Cross-border payments, global money transfers, and bank settlements are areas fraught with friction and complexity. Much of this stems from the way traditional stewards of our money—banks—interact with each other. For banks that hold direct accounts with each other, i.e., have direct mutual relationships, transactions are relatively simple and can be managed with straightforward instructions. Yet they are often still quite slow. When there is no direct relationship, they must transact through an intermediary or “correspondent” bank with whom both have a relationship, adding both time and cost to any exchange. If multiple currencies, parties, payment time requirements, or any other myriad factors arise, the relative complexity can increase geometrically. This adds more time, more cost, and more potential points of failure.
For these reasons, the allure of instant, immutable, and trustless settlement through blockchain networks has been palpable for years. Many believe disintermediation is the key—reducing the middlemen reduces the time and cost. Others favor wholesale disruption—eliminating the middle entirely and going peer-to-peer. Indeed, this latter sentiment spawned much of what we now call crypto in the first place. But adoption has been slow and often seemingly resisted by some of the most important institutions.
Yet the promise is real, and progress is happening. JPMorgan famously launched their JPM Coin in 2019 for internal use among account holders, and later its permissioned blockchain, known as Kinexys (formerly Onyx), which claims $1.5 trillion in notional value processed to date. Earlier this year, the Bank for International Settlements—a clearinghouse of sorts for national central banks—published a white paper envisioning a blockchain-enabled “Finternet,” an ambitious plan requiring broad collaboration among public and private institutions. There are numerous other initiatives, both large and small, seeking to augment or disrupt institutional capabilities—through stablecoins, on/off ramps, peer-to-peer payments, or DeFi protocols.

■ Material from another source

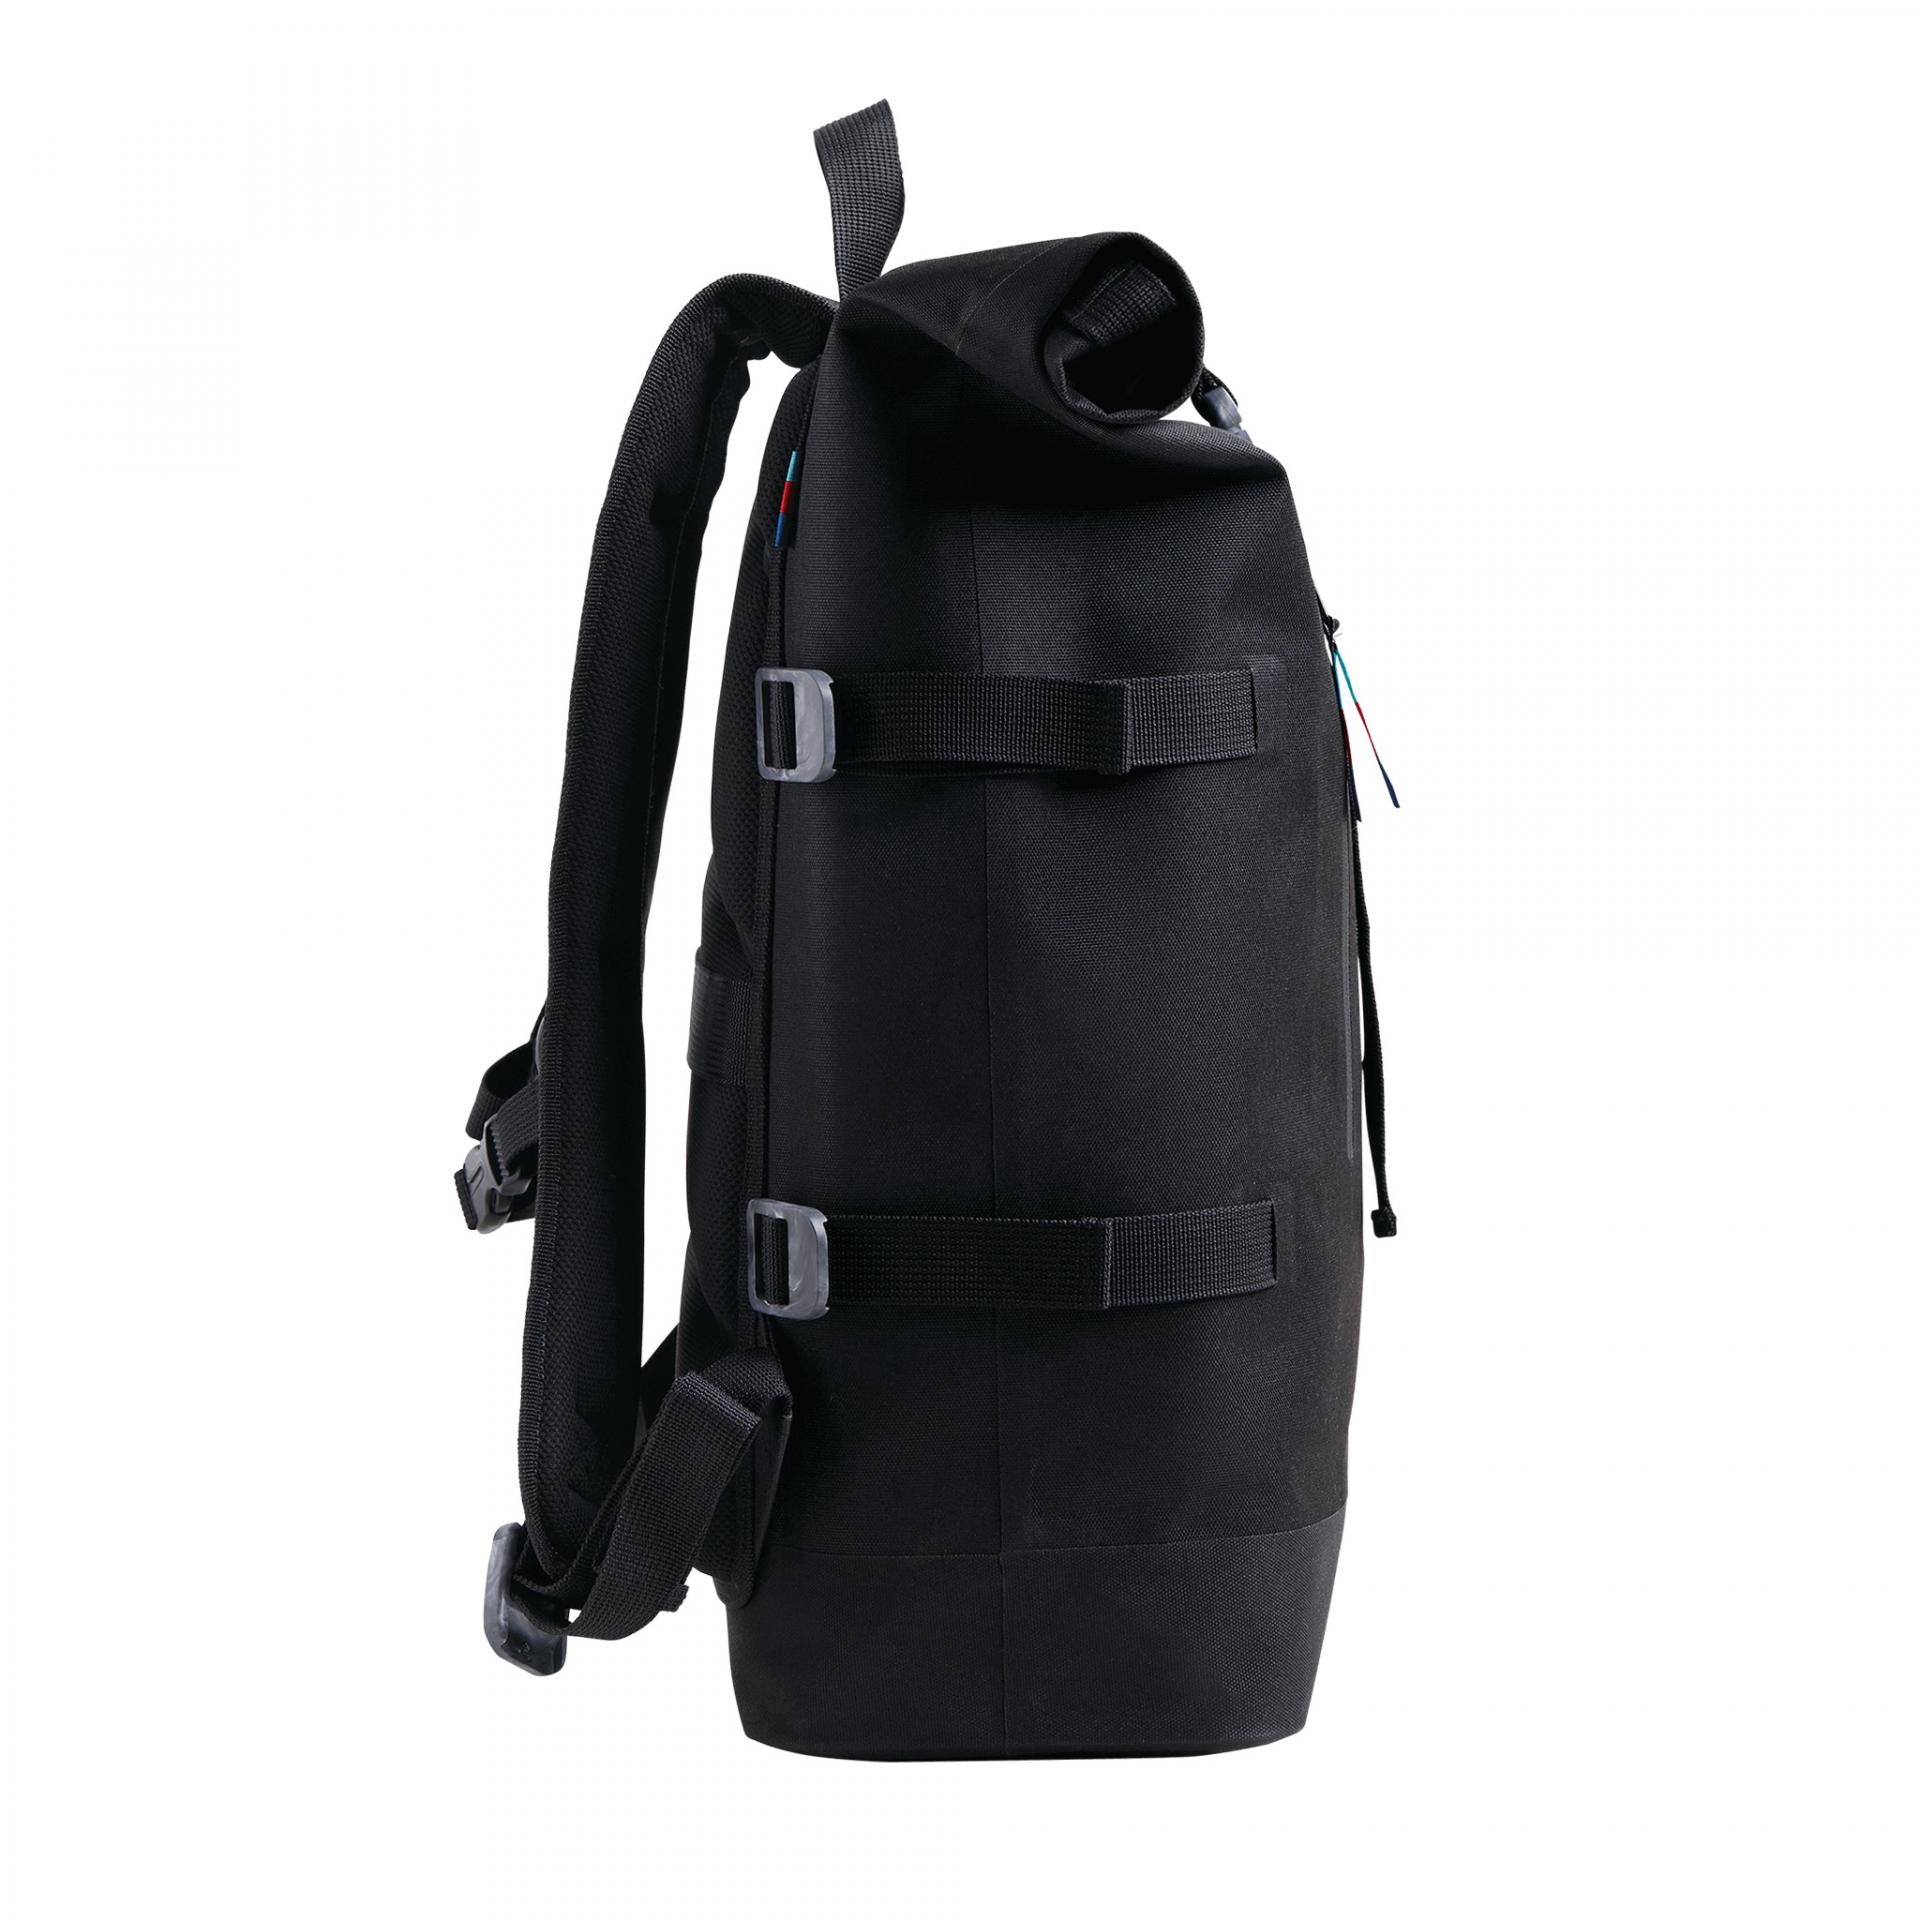 Got Bag Rolltop Holy Poly Black Limited Edition
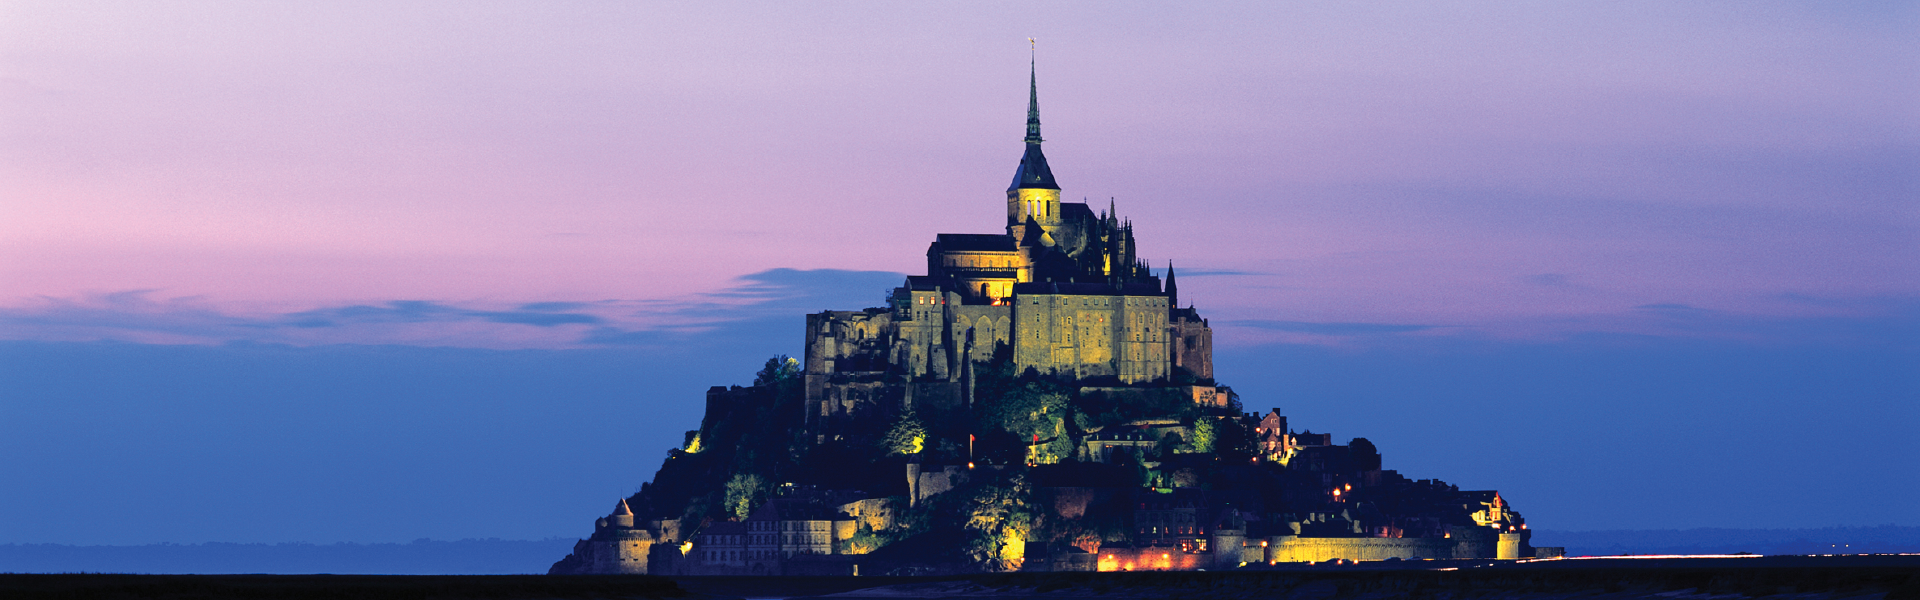 A photo of the Mont Saint Michel Abbey at sunset

One of these projects, Partior, landed $20M from Deutsche Bank last week in follow-on to its June Series B. This brings total Series B proceeds to $80M and adds Deutsche Bank to ranks that include JPMorgan, DBS, Temasek, and Standard Chartered (who led their $31M Series A in 2022). Partior’s goal is to reduce friction and delay in cross-border payments, trade, and FX settlements through its “global unified ledger” settlement network—an on-chain bridge for real-time clearing and settlement among financial institutions.
I can’t say how soon this or other systems will help me send money quickly and cheaply to Switzerland. But it certainly sounds like progress.